For me, too much cultural subtext in modern JRPGs anymore. In many Japanese-developed games, in fact. I mean, hell, the Metal Gear Solids are examples too. Oddly worded dialogue; weird hand gestures; all the non-verbal communication that is used in Japan that no one would understand over here.
Prime example (from Metal Gear Solid 3):
If you've played it, during the scene on the rope bridge at the end of Virtuous mission, the first attempt to rescue Sokolove. The dialogue with the boss, she kicks Snake's ass in CQC, then VOlgin walks onto the bridge to kick some ass. As soon as he steps onto the bridge, he says "Kuwabara, Kuwabara."

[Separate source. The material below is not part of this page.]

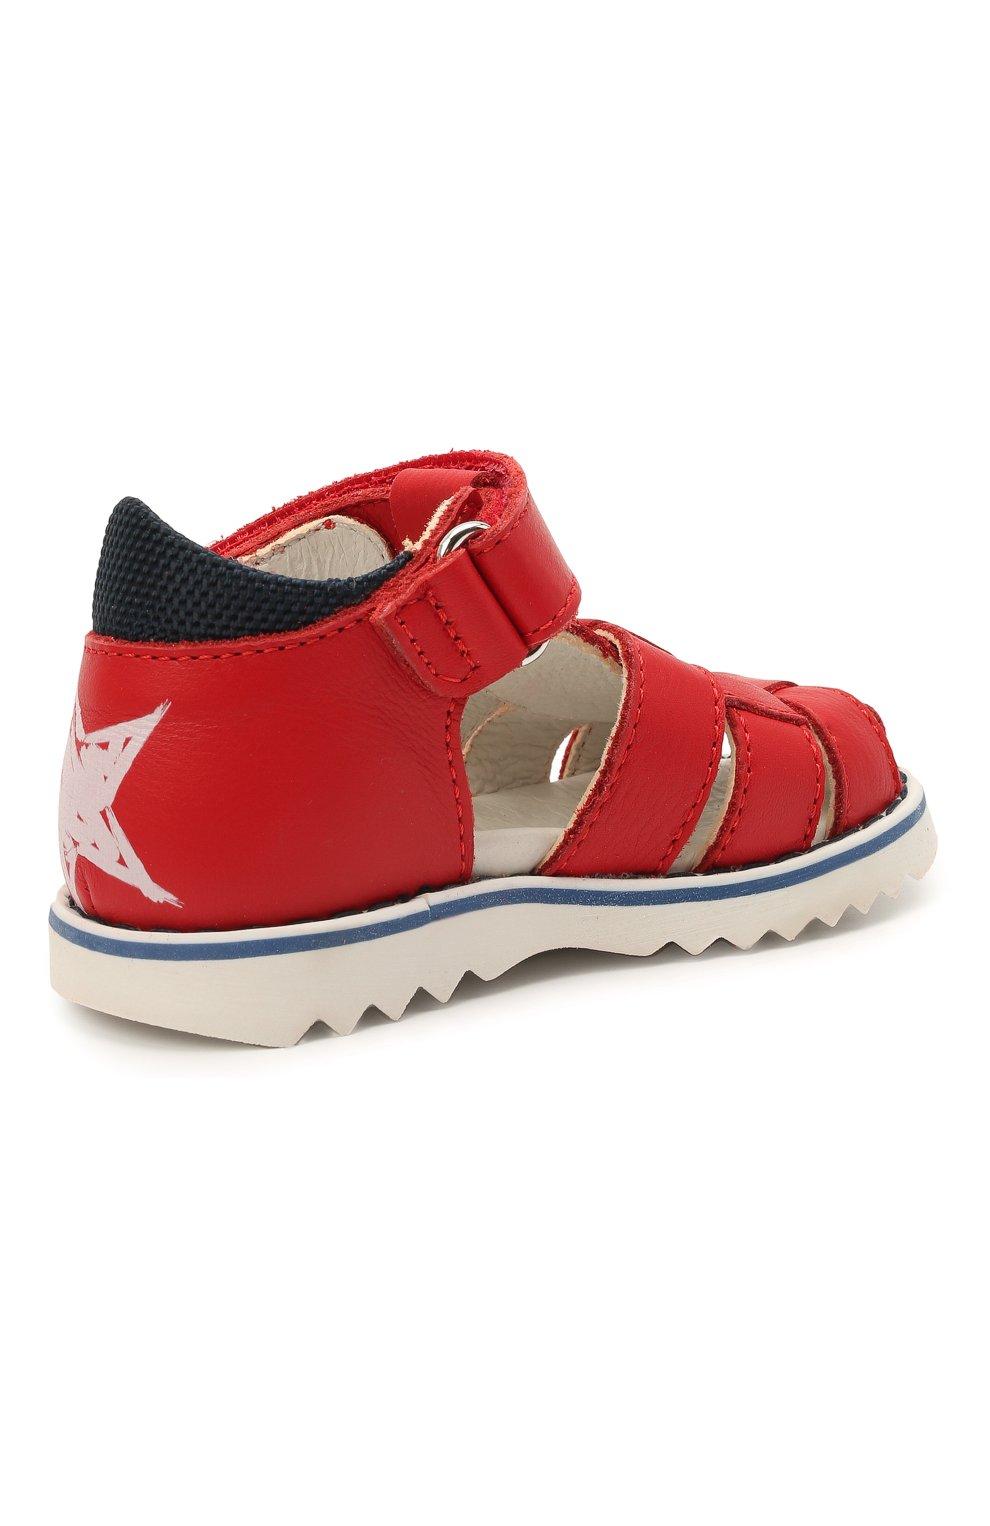 Детские кожаные сандалии WALKEY красного цвета, арт. Y1B2-41297-0030 | Фото 3 (Материал внутренний: Натуральная кожа)

Well, unless you go looking that crap up, it kinda makes a non-Asian player think "Well, wtf is that about?" Actually, it's some Japanese superstition, you're supposed to say "Kuwabara, kuwabara" to ward off lightning strikes. Possibly intedned as foreshadowing to Volgin's lightning powers, partly as character development; I don't know.
I do know that a Russian colonel in Soviet special forces probably wouldn't be given to believing Japanese superstition, and I do know that not many people outside of Japan would know what the hell the "kuwabara" crap meant without googling it.
Anyway, wall of text.
TL;DR version:
Most of the JRPGs I've played recently have to much subtle Japanese cultural commonalities hidden in the dialogue, cutscenes, and plot, to the point that all the weird little monologues, hand gestures, and weird plot twists confuse the crap out of me.